* _PROMPT_:
With the images removed, return every line below exactly as it reads.

* _DATA_:
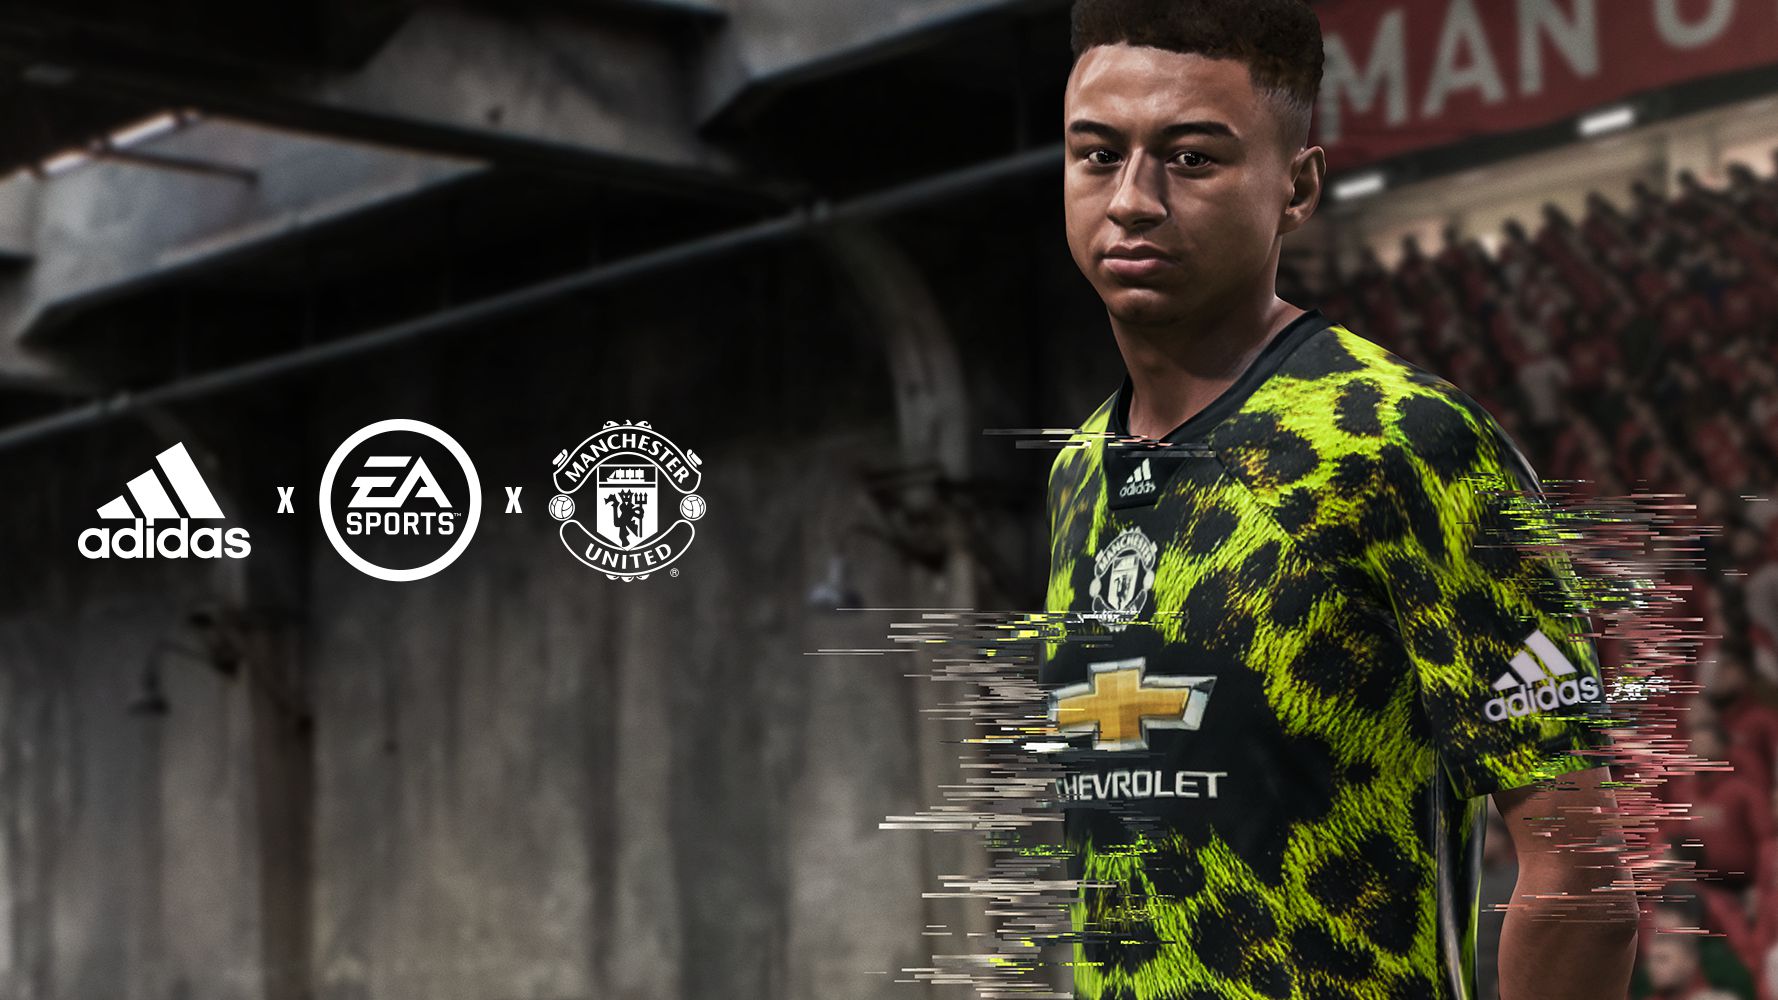 odio Reducción de precios darse cuenta Manchester United teams up with adidas and EA Sports for unique digital  shirt collaboration | Manchester United
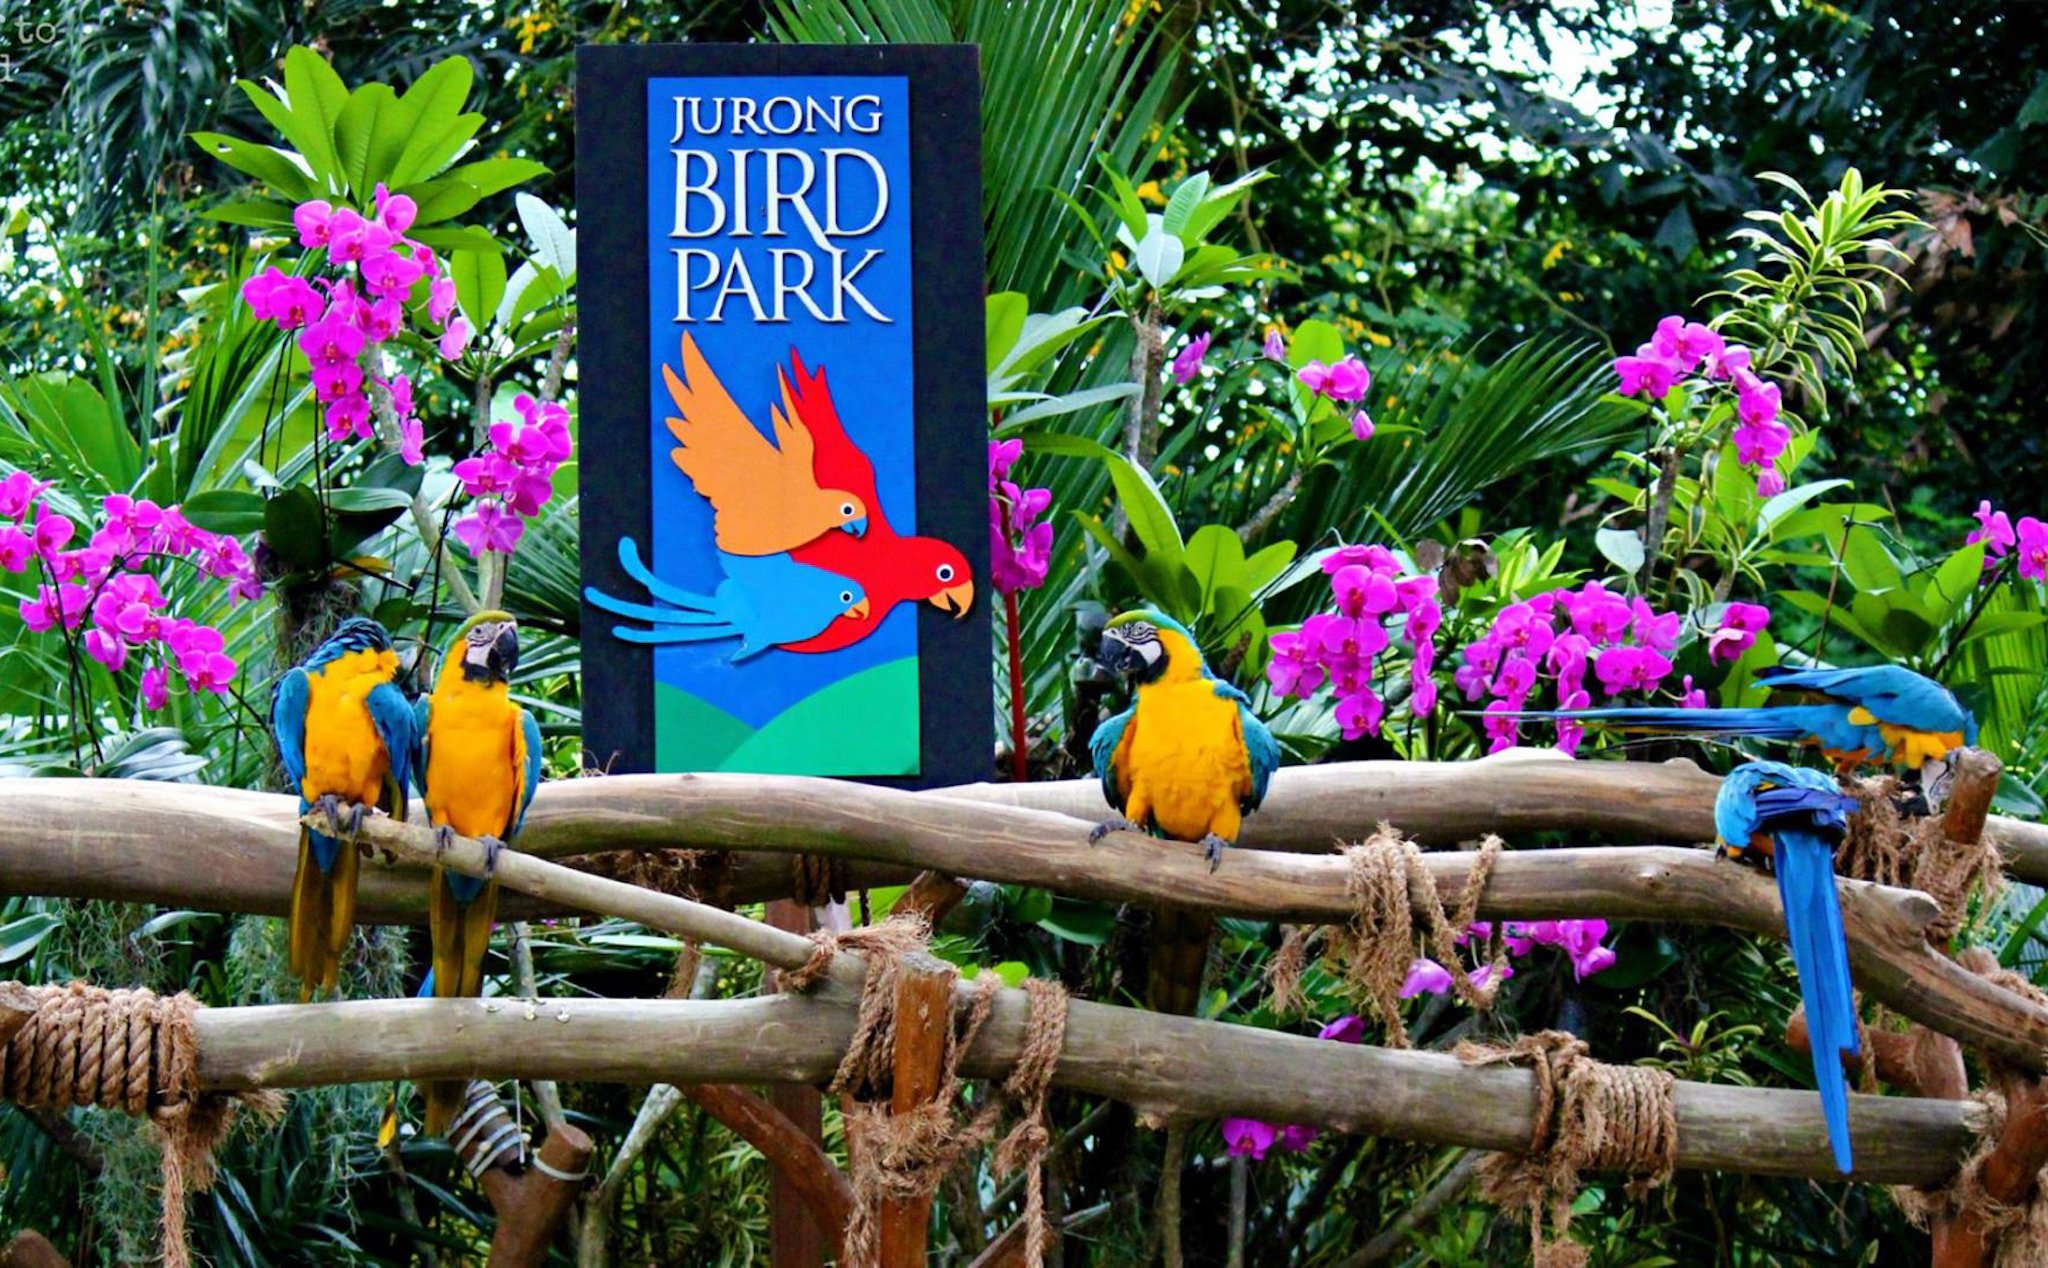 Sau 52 năm hoạt động, vườn chim lớn nhất châu Á - Jurong ở Singapore sắp đóng cửa
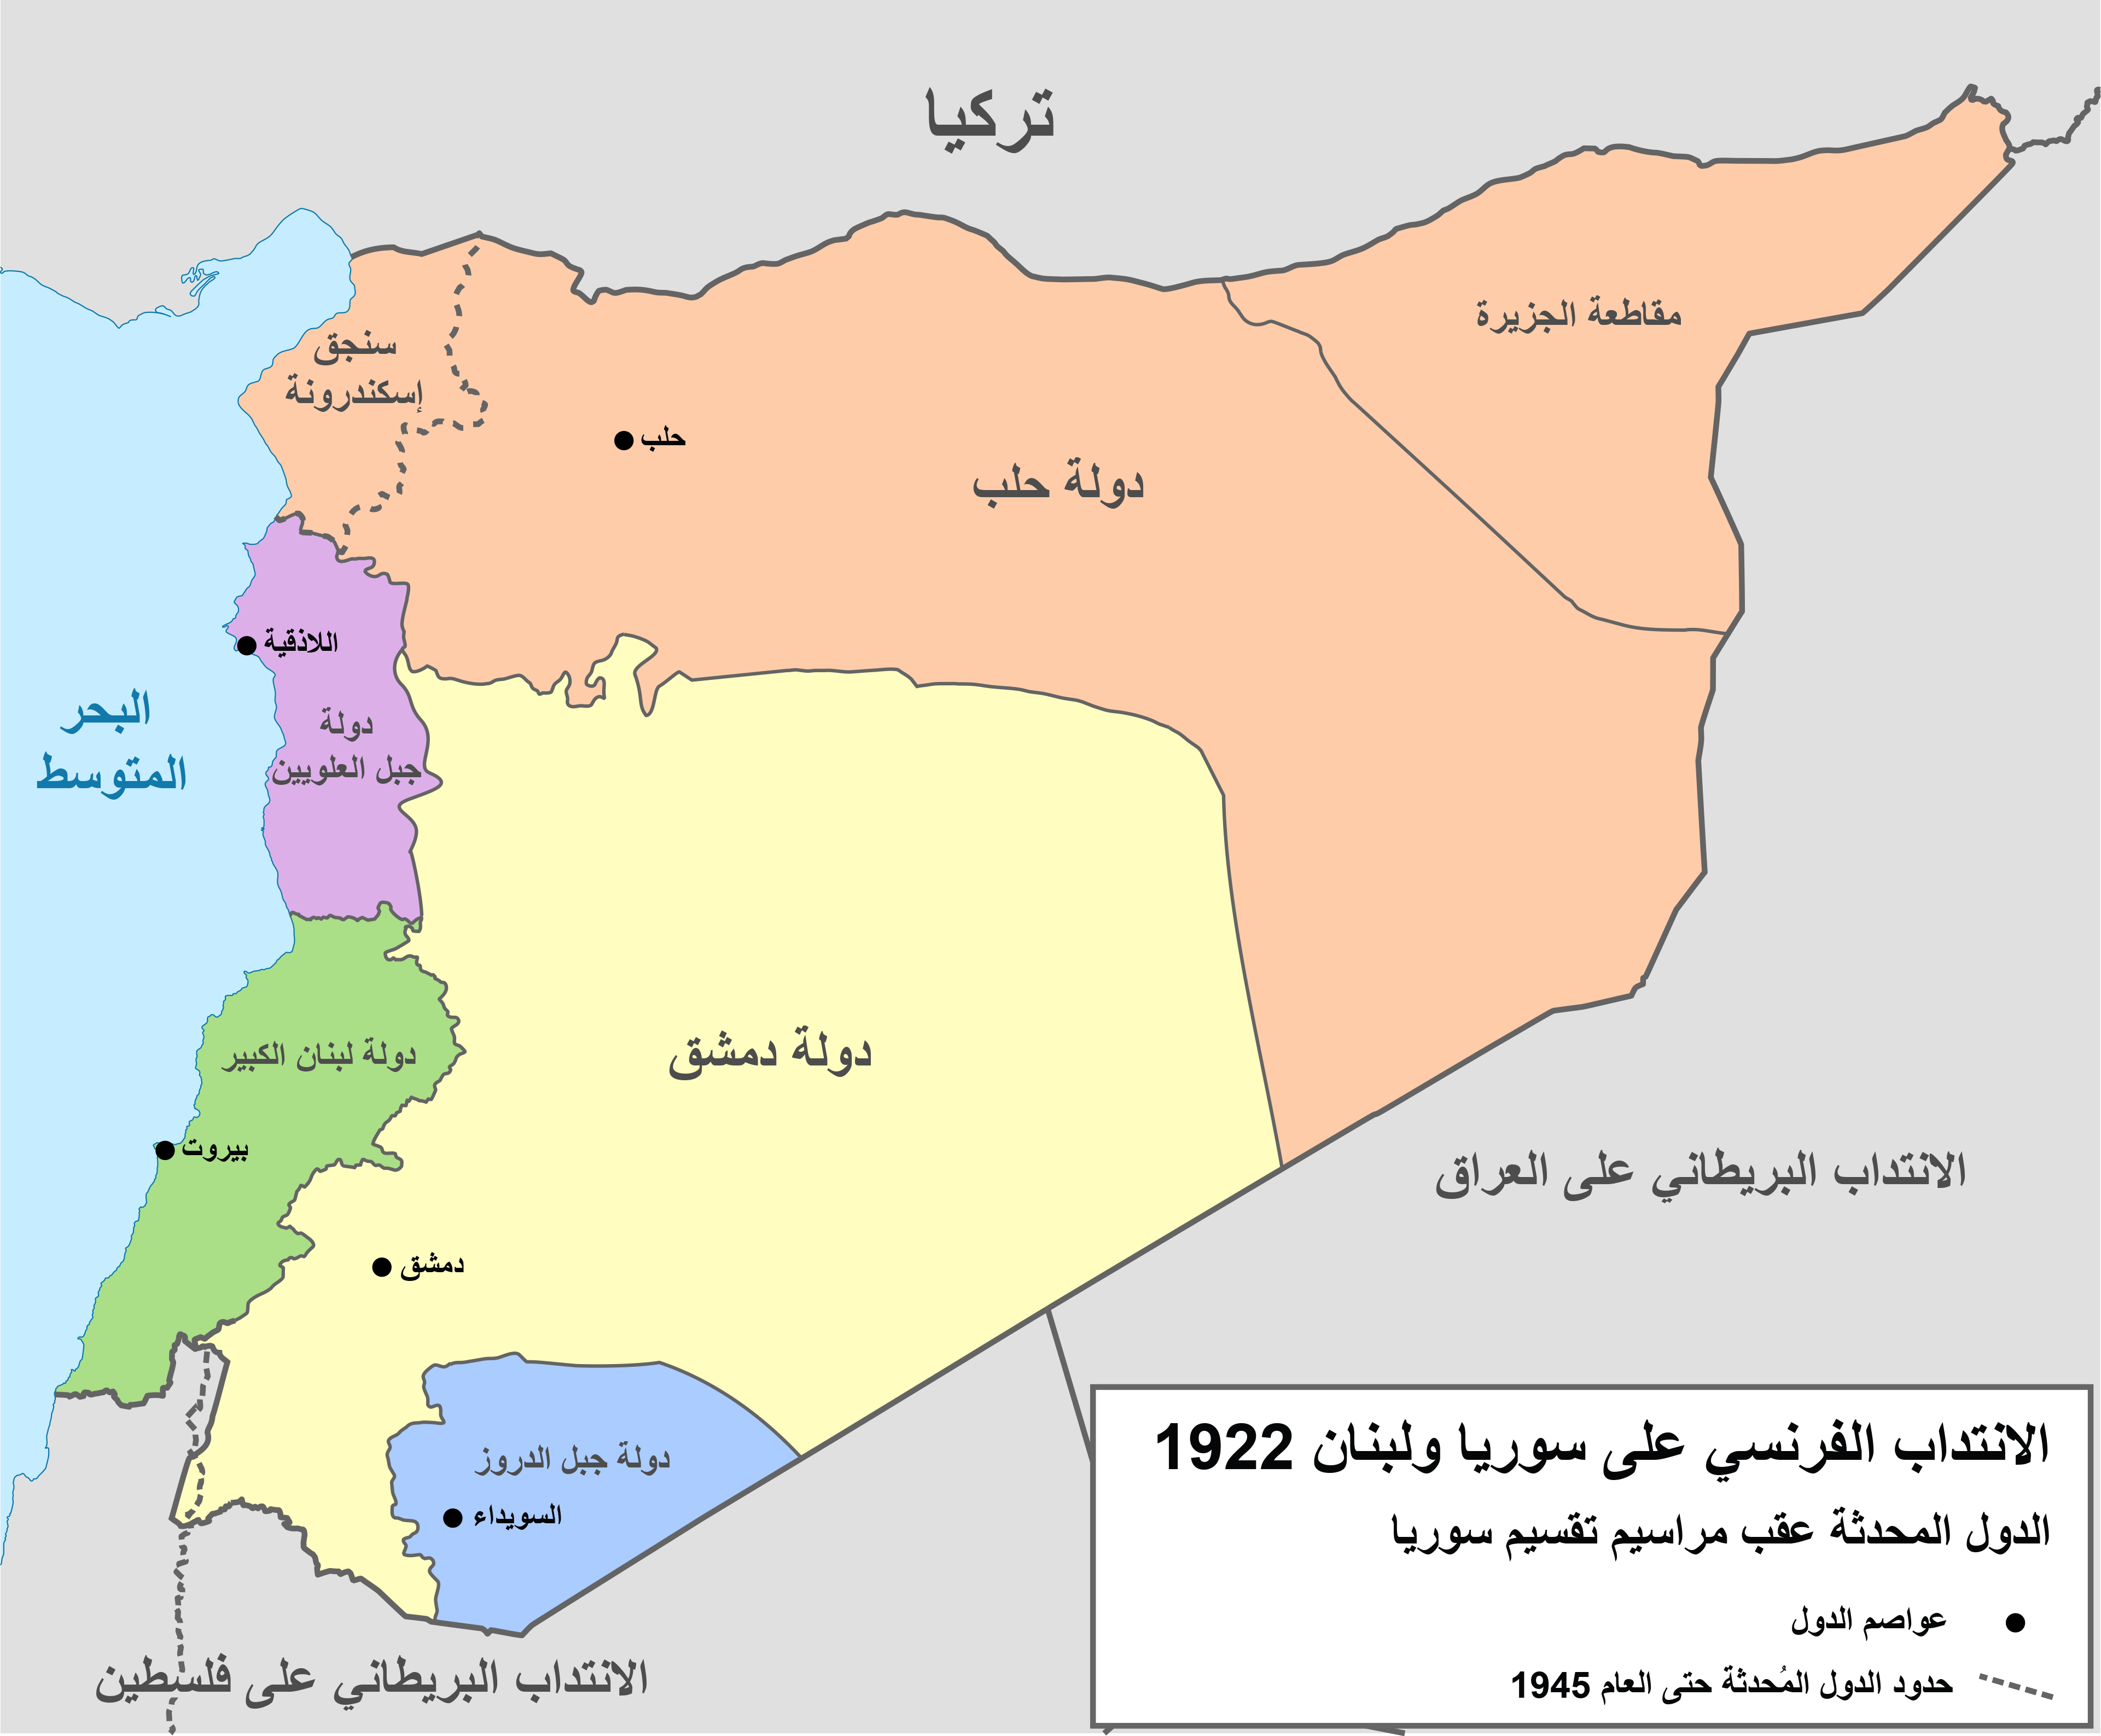 الدويلات السورية ولواء اسكندرون و لبنان الكبير حسب تقسيمات الجنرال غورو

* _ANSWER SPACE_:
 odio Reducción de precios darse cuenta Manchester United teams up with adidas and EA Sports for unique digital  shirt collaboration | Manchester United
 Sau 52 năm hoạt động, vườn chim lớn nhất châu Á - Jurong ở Singapore sắp đóng cửa
 الدويلات السورية ولواء اسكندرون و لبنان الكبير حسب تقسيمات الجنرال غورو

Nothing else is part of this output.